:: AVAILABLE DATA

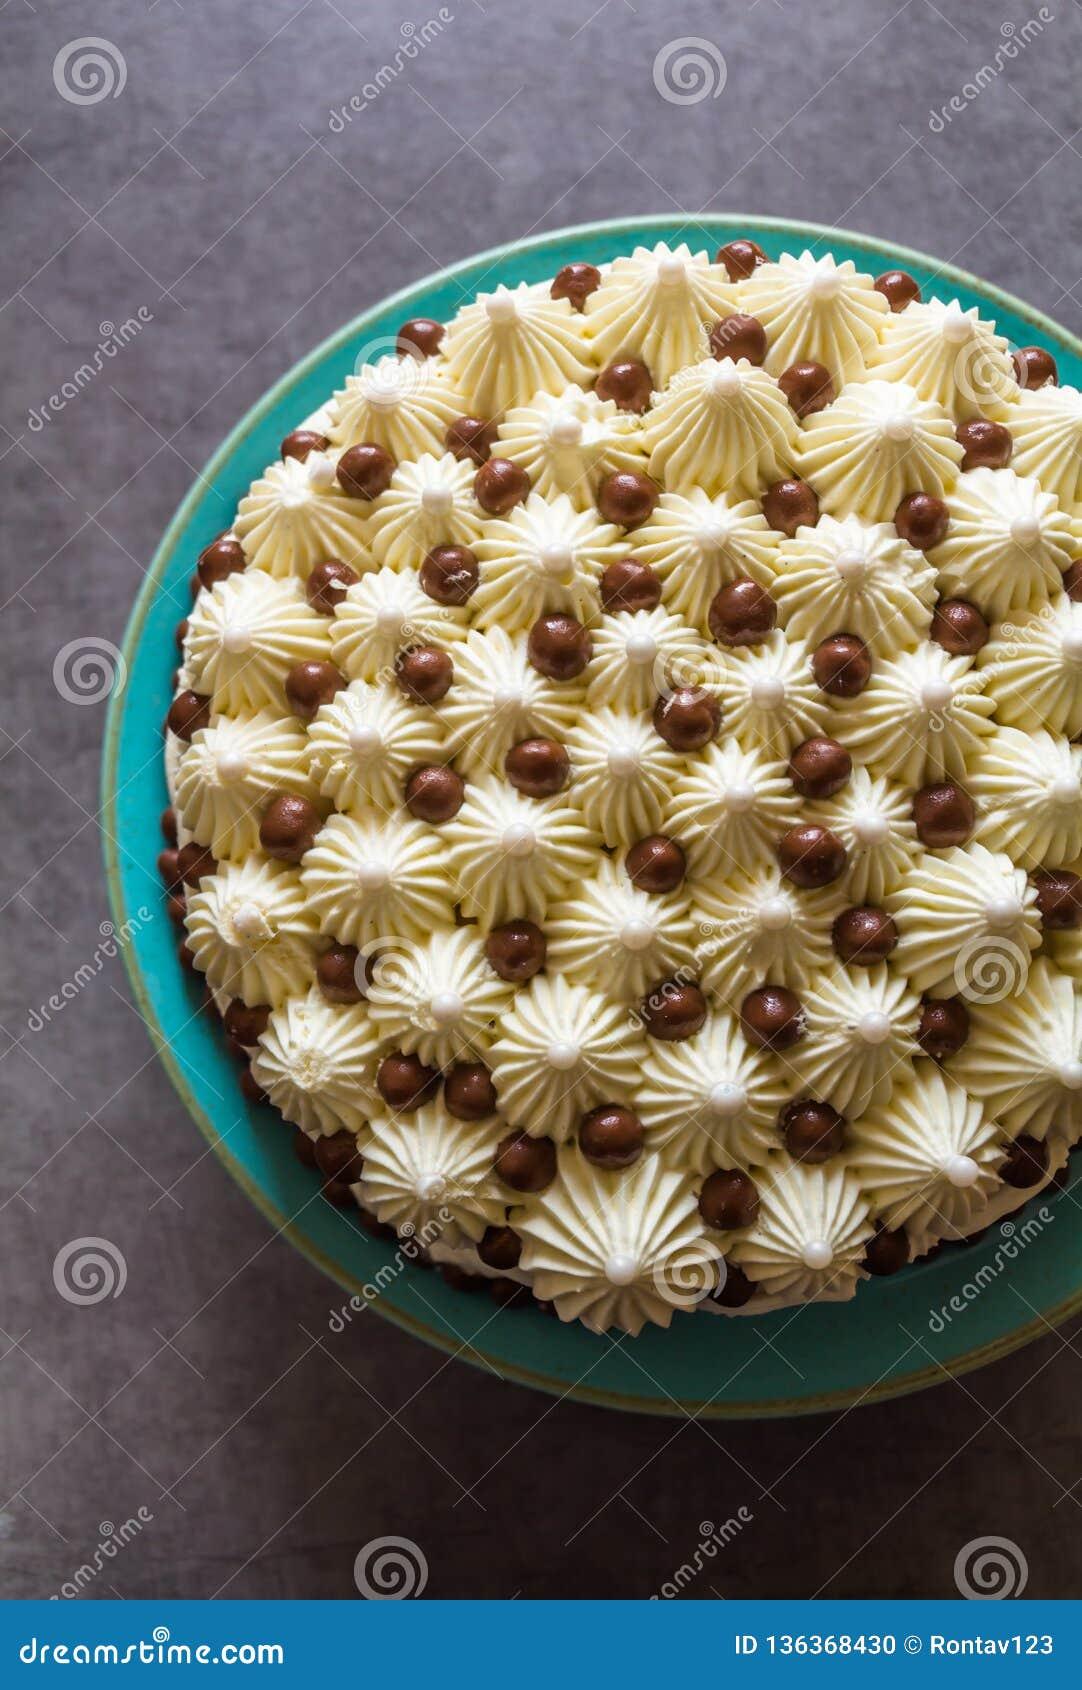 Τοπ άποψη του διακοσμημένου κέικ γενεθλίων με την κτυπημένη καραμέλα κρέμας και σοκολάτας στο τυρκουάζ πιάτο στο σκοτεινό γκρίζο
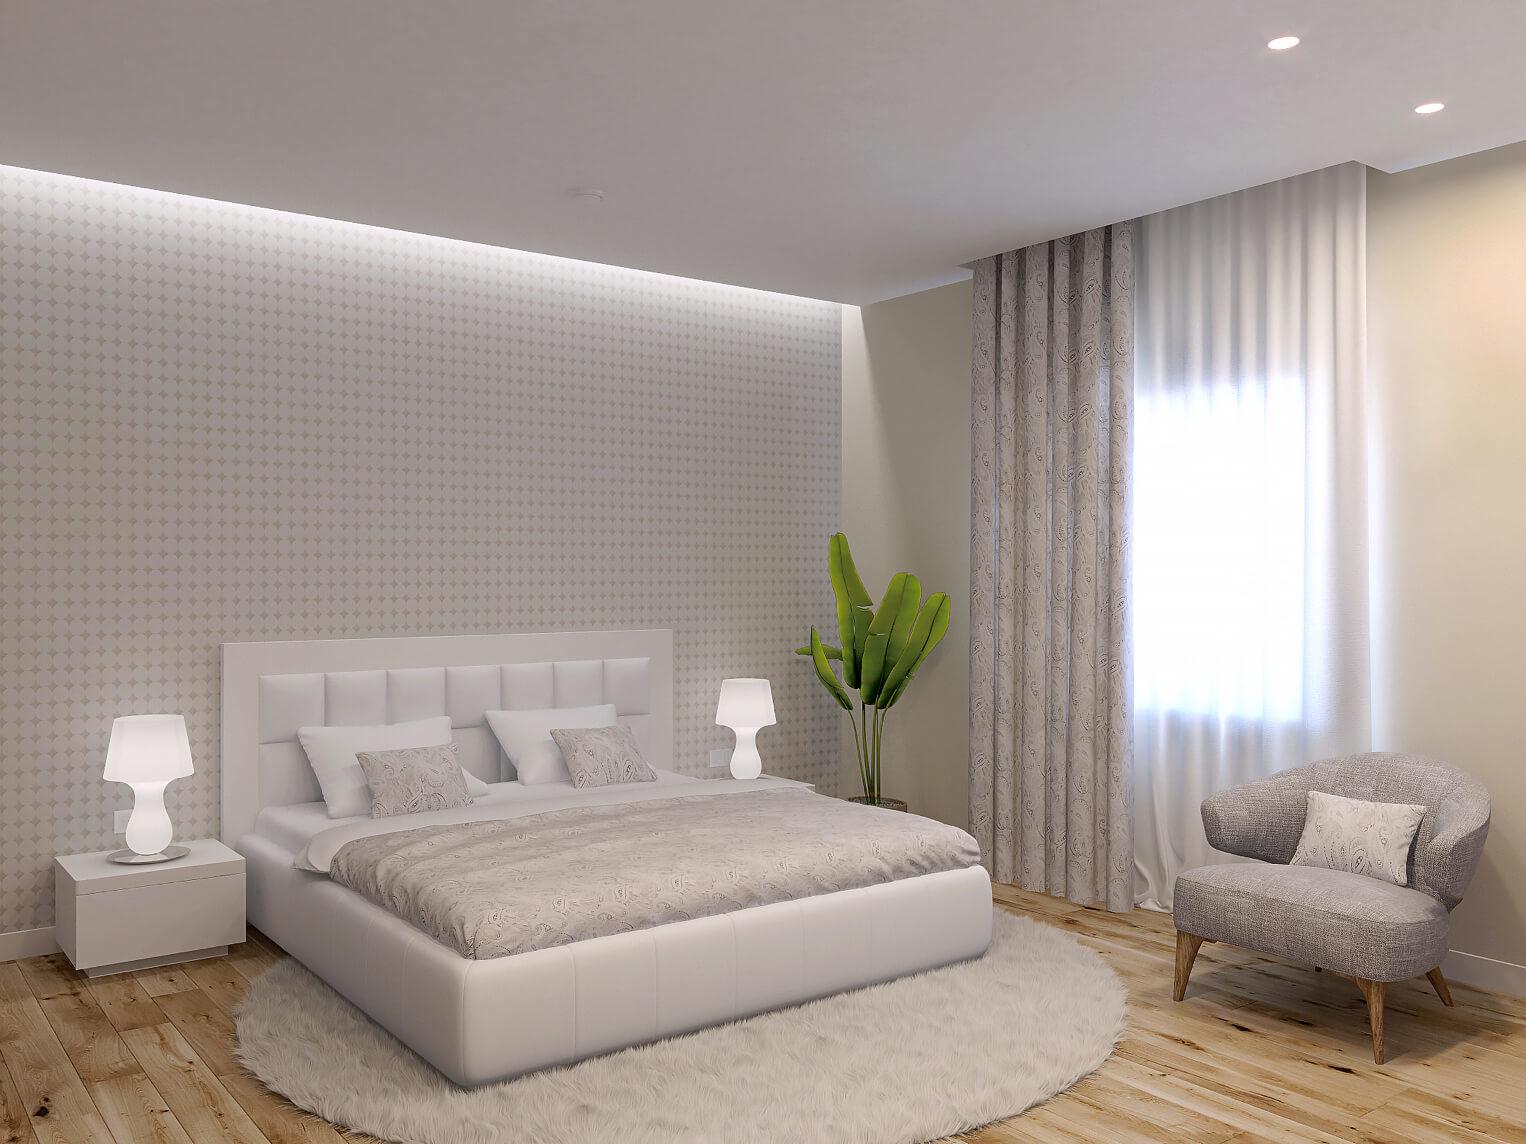 Монохромность в интерьере спальни можно разнообразить фактурой
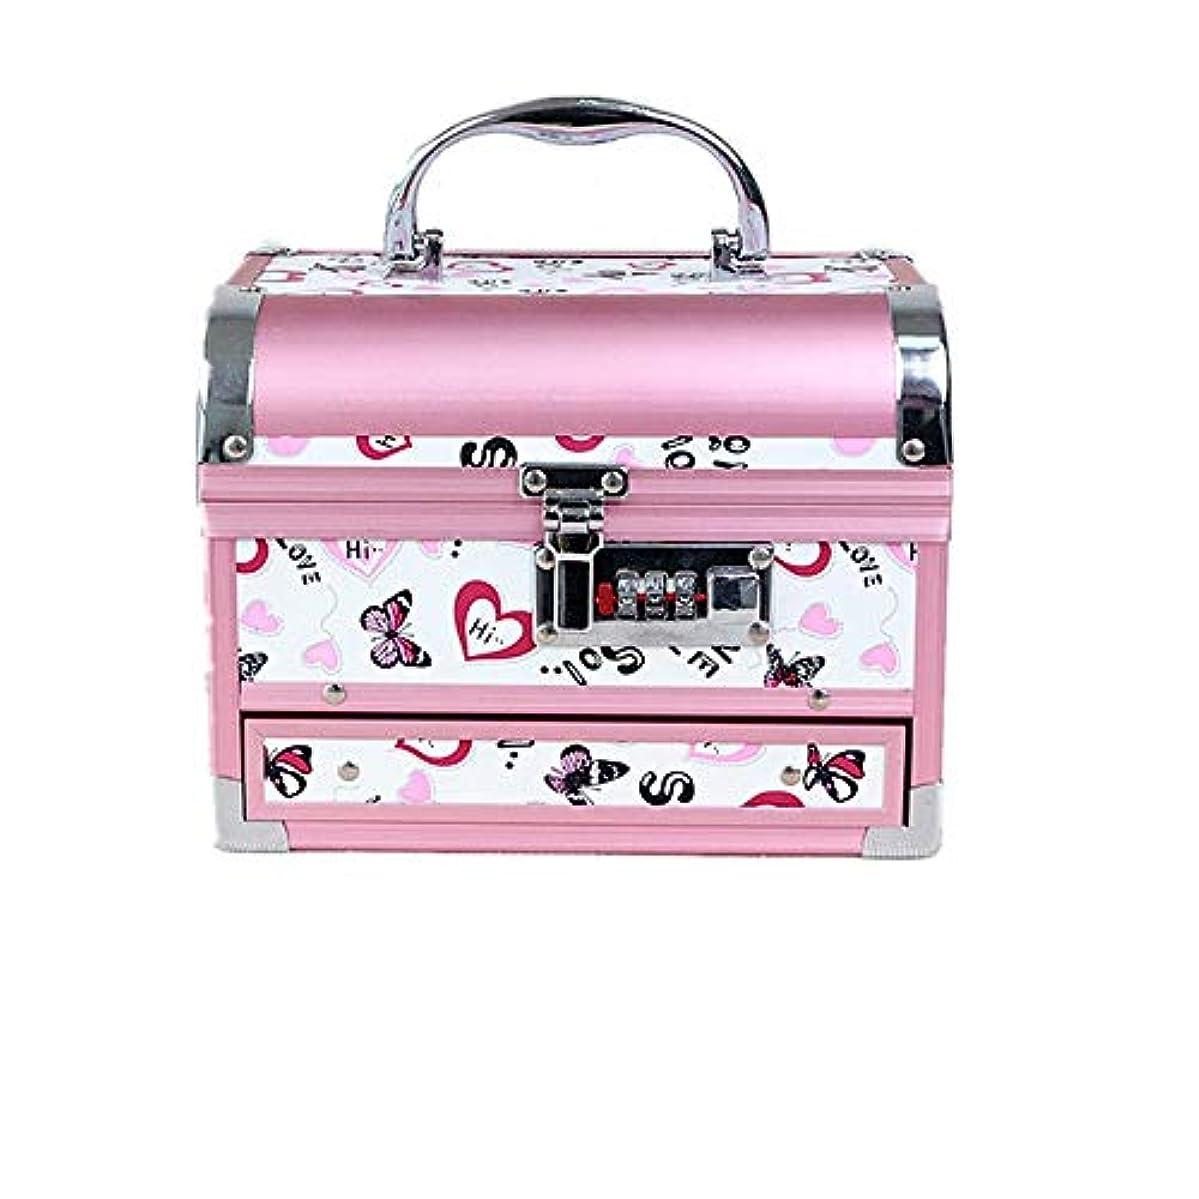 反抗ネズミ属する化粧オーガナイザーバッグ かわいいパターンポータブル化粧品ケーストラベルアクセサリーシャンプーボディウォッシュパーソナルアイテムストレージロックと拡張トレイ 化粧品ケース

::::

▸ **WHAT YOU NEED TO DO**:
Give the lines from the one containing "Монохромность в интерьере" through the final line of the material again, exactly and in full, but without pictures.

▸ **OUTPUT BELOW**:
 Монохромность в интерьере спальни можно разнообразить фактурой
 反抗ネズミ属する化粧オーガナイザーバッグ かわいいパターンポータブル化粧品ケーストラベルアクセサリーシャンプーボディウォッシュパーソナルアイテムストレージロックと拡張トレイ 化粧品ケース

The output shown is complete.